Replace the following before committing:

Placeholder	Replace With
`AWS_ROLE_ARN`	The variable name for your IAM role ARN in GitHub
`us-east-2`	Your target AWS region
`your-bucket-name`	Your S3 bucket name
`./code`	The local directory where the file you want to sync to S3 is located

You can see the code sample in my GitHub Repo here.

Note: The aws-actions/configure-aws-credentials action handles the entire OIDC token exchange automatically. It requests the JWT from GitHub, calls sts:AssumeRoleWithWebIdentity, and exports the temporary credentials as environment variables for the rest of the job.

See the action's official documentation for all available options.

Step 6: Run and Verify Your Workflow

Push your workflow to the main branch and open the Actions tab in your repository to watch it run.

What a Successful Run Looks Like

The Configure AWS credentials via OIDC step should show:

Assuming role with OIDC: arn:aws:iam::YOUR_ACCOUNT_ID:role/GitHubActionsOIDCRole

The Verify AWS identity step (aws sts get-caller-identity) should return:

{
    "UserId": "AROA...:GitHubActions",
    "Account": "YOUR_ACCOUNT_ID",
    "Arn": "arn:aws:sts::YOUR_ACCOUNT_ID:assumed-role/GitHubActionsOIDCRole/GitHubActions"
}

If you see an assumed-role ARN in the output, OIDC is working correctly. Your workflow is now authenticating to AWS without a single stored credential.

Security Best Practices

Getting OIDC working is step one. Locking it down properly is step two.

Scope the `sub` Condition as Tightly as Possible

Don't use a wildcard like repo:your-org/*:* that allows any repository in your organization to assume the role. Scope it to the exact repository and branch that needs access.

"token.actions.githubusercontent.com:sub": "repo:your-org/your-repo:ref:refs/heads/main"

Use GitHub Environments for Production Deployments

GitHub Environments let you add manual approval gates and restrict which branches can deploy. When combined with OIDC, you can scope your trust policy to only allow the production environment:

"token.actions.githubusercontent.com:sub": "repo:your-org/your-repo:environment:production"

Apply Least-Privilege Permissions to Every IAM Role

Never attach AdministratorAccess or PowerUserAccess to a role used by CI/CD. Define a custom policy with only the actions your workflow actually needs.

Create Separate IAM Roles Per Environment

A staging role and a production role should have different permission scopes. Your staging deployment role should never have write access to production resources.

Enable AWS CloudTrail

Every call made using the temporary credentials is logged in CloudTrail under the assumed role ARN. This gives you a full audit trail of exactly what your workflow did in AWS.
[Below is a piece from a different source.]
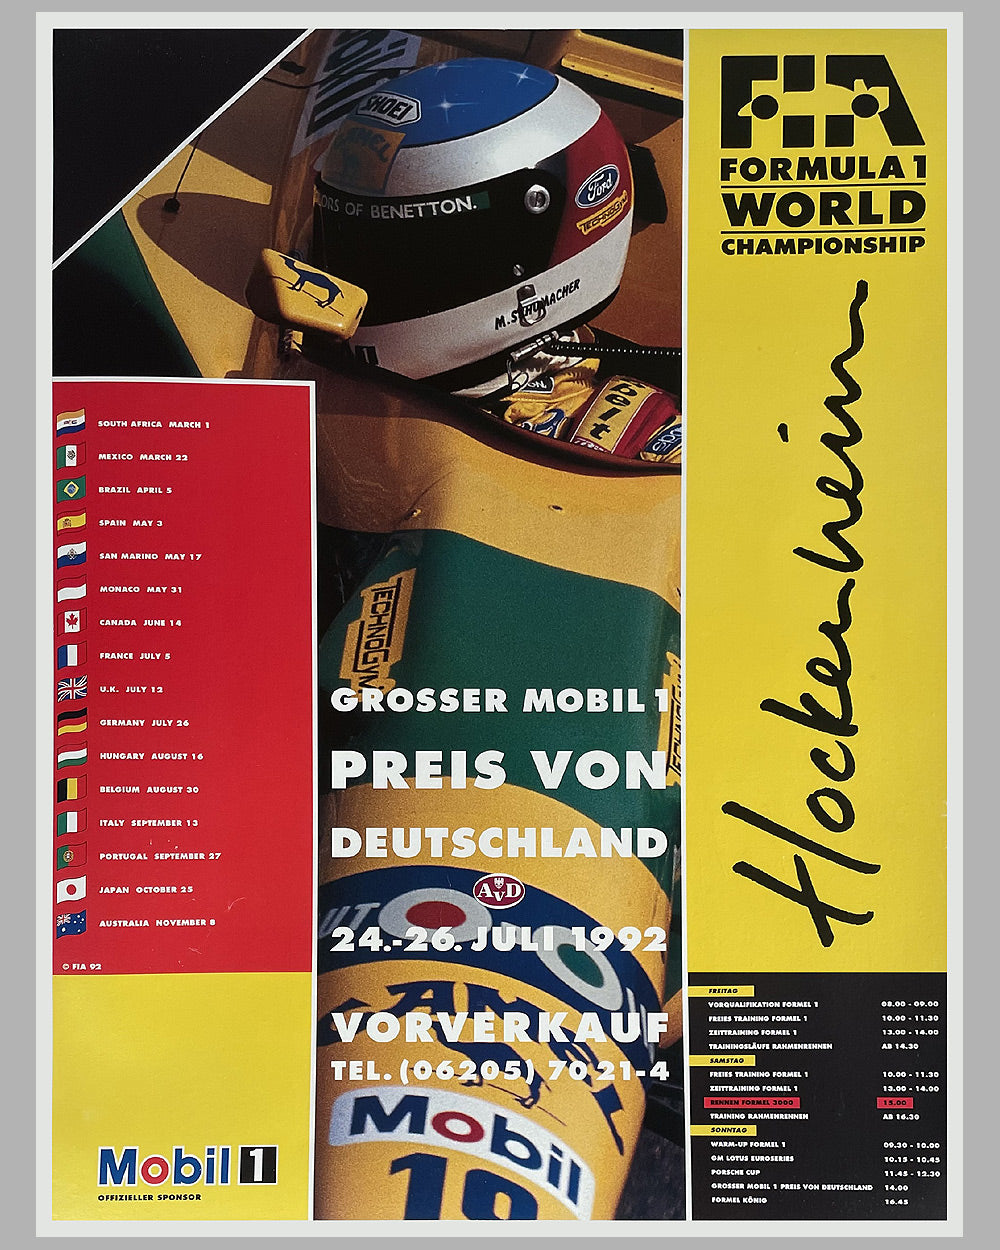 1992 Grand Prix of Germany at Hockenheim official race poster

Reference: GitHub's official security hardening guide for OIDC: About security hardening with OpenID Connect

Troubleshooting Common Errors

Error: `Not authorized to perform sts:AssumeRoleWithWebIdentity`

This usually means the trust policy on your IAM role doesn't match the sub claim in the JWT.

Check the following:

The sub condition exactly matches your repository path (it is case-sensitive)
The aud condition is set to sts.amazonaws.com
The Federated principal uses the correct AWS account ID

To inspect the actual token claims your workflow is receiving, add this debug step temporarily:

- name: Print OIDC token claims
  run: |
    TOKEN=\((curl -s -H "Authorization: Bearer \)ACTIONS_ID_TOKEN_REQUEST_TOKEN" \
      "$ACTIONS_ID_TOKEN_REQUEST_URL&audience=sts.amazonaws.com" | jq -r '.value')
    echo $TOKEN | cut -d '.' -f2 | base64 -d 2>/dev/null | jq .

Error: `Could not load credentials from any providers`

This almost always means id-token: write is missing from your workflow permissions. Double-check that you have:

permissions:
  id-token: write
  contents: read

Error: `AccessDenied` When Calling an AWS Service

Authentication succeeded but the IAM role doesn't have permission to perform the action your workflow is attempting. Check the permissions policy attached to your role and compare it against the specific action in the error message.

Conclusion

You've gone from storing static, long-lived AWS credentials in GitHub Secrets to a fully keyless authentication setup using OIDC. Here's what you accomplished:

Registered GitHub as a trusted OIDC identity provider in AWS.
Created an IAM role with a scoped trust policy tied to a specific repository.
Attached least-privilege permissions to that role.
Configured your GitHub Actions workflow to request and use short-lived AWS credentials.
Verified the authentication flow end-to-end.

This pattern works across every AWS service from S3, ECS, Lambda, ECR, Secrets Manager, and more. The workflow example here uses S3, but you only need to swap out the permissions policy and the deployment commands to adapt it for any service.

If you want to go further, explore:

Configuring OIDC for multiple cloud providers: Azure, GCP, and HashiCorp Vault.
GitHub Environments and deployment protection rules: for multi-stage pipelines with approval gates.
AWS IAM Access Analyzer: to validate and tighten your role policies automatically.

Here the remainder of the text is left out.